Arctic Cat this year changed its dealer ordering system to include three ordering periods throughout the year instead of one in June. It's a move Twomey and Jordan say had an impact on first quarter results but ultimately benefits both the company and dealers.
"Sales of ATVs for the quarter were down 40 percent as we shifted ATV dealer sales later in the year so that dealer inventories would continue to decline and to better match the introduction of our 2010 with the height of the retail selling season which occurs in September and October," Twomey says.
"The primary advantage we're getting (via multiple dealer ordering periods) is the fact that our dealers are able to plan ahead and forecast in shorter increments," Jordan says. "So, instead of planting an order in the month of June for the next 12 months, the dealers are now able to go ahead and plant orders in June, August and January. That has been very positively received by our dealer network."
Arctic Cat estimates sales for its fiscal year ending March 31, 2010, to range between $425 million and $460 million.

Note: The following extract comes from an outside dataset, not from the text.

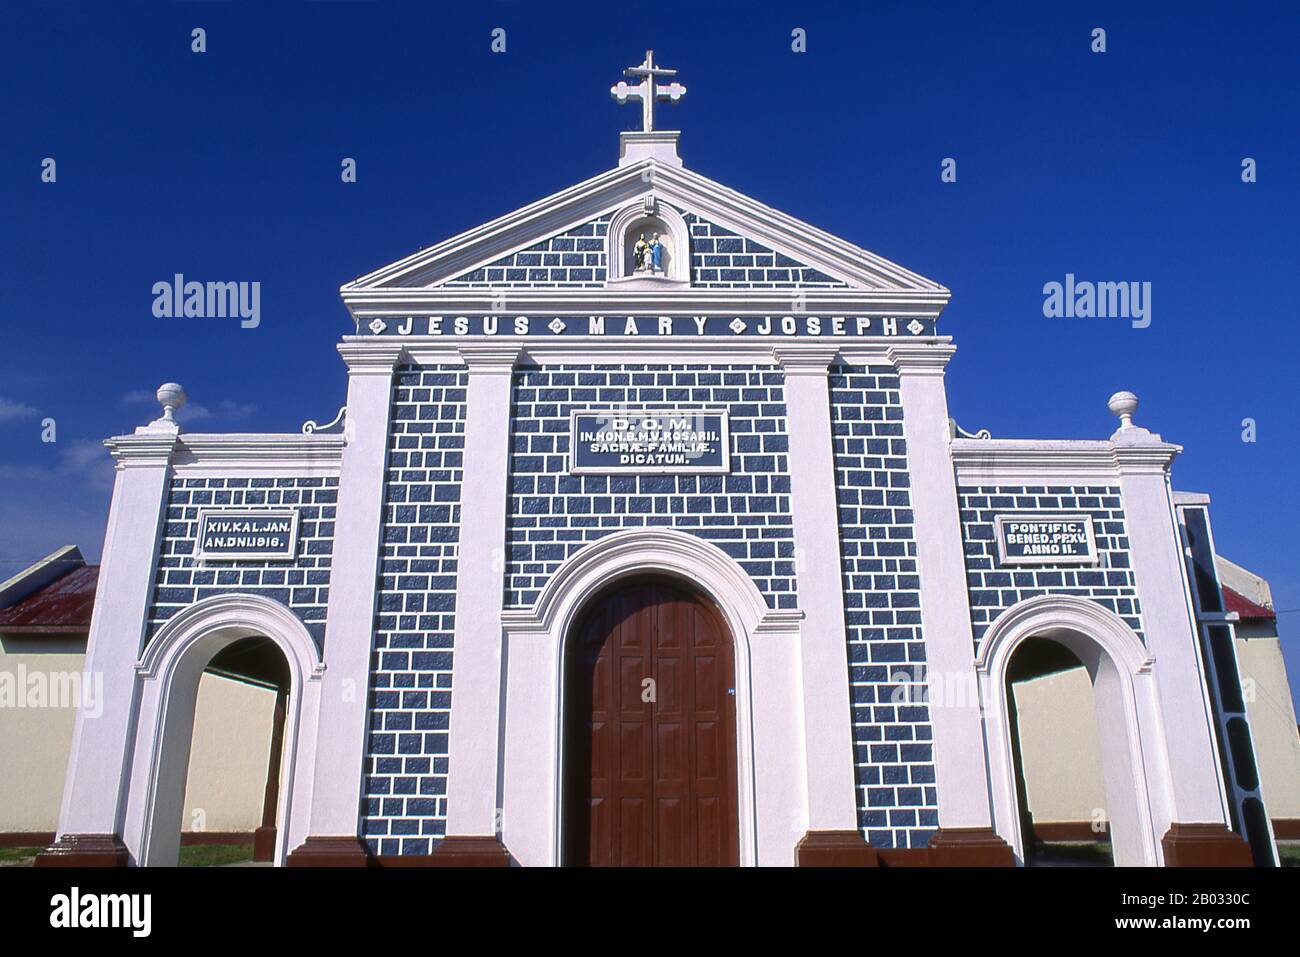 Costruita originariamente nel 1916, la chiesa cattolica del Santo Rosario è stata completamente rinnovata nel 2013. Il cristianesimo, introdotto in Sri Lanka dai portoghesi, è prevalentemente di varietà cattolica romana e più visibile lungo la costa occidentale, soprattutto intorno a Negombo. Foto Stock

The company expects ATV sales to be between $188 million and $203 million, snowmobile sales to be between $140 million and $152 million, and PG&A sales to be between $97 million and $105 million.
Company officials say they anticipate ATV and side-by-side sales to dealers to be down 18 to 24 percent, snowmobile sales to dealers to be down 25 to 32 percent, and sales of PG&A to be down four to 11 percent.
"We continue to expect that this will be a challenging year for the recreational products industry in this recessionary economic environment," Twomey says.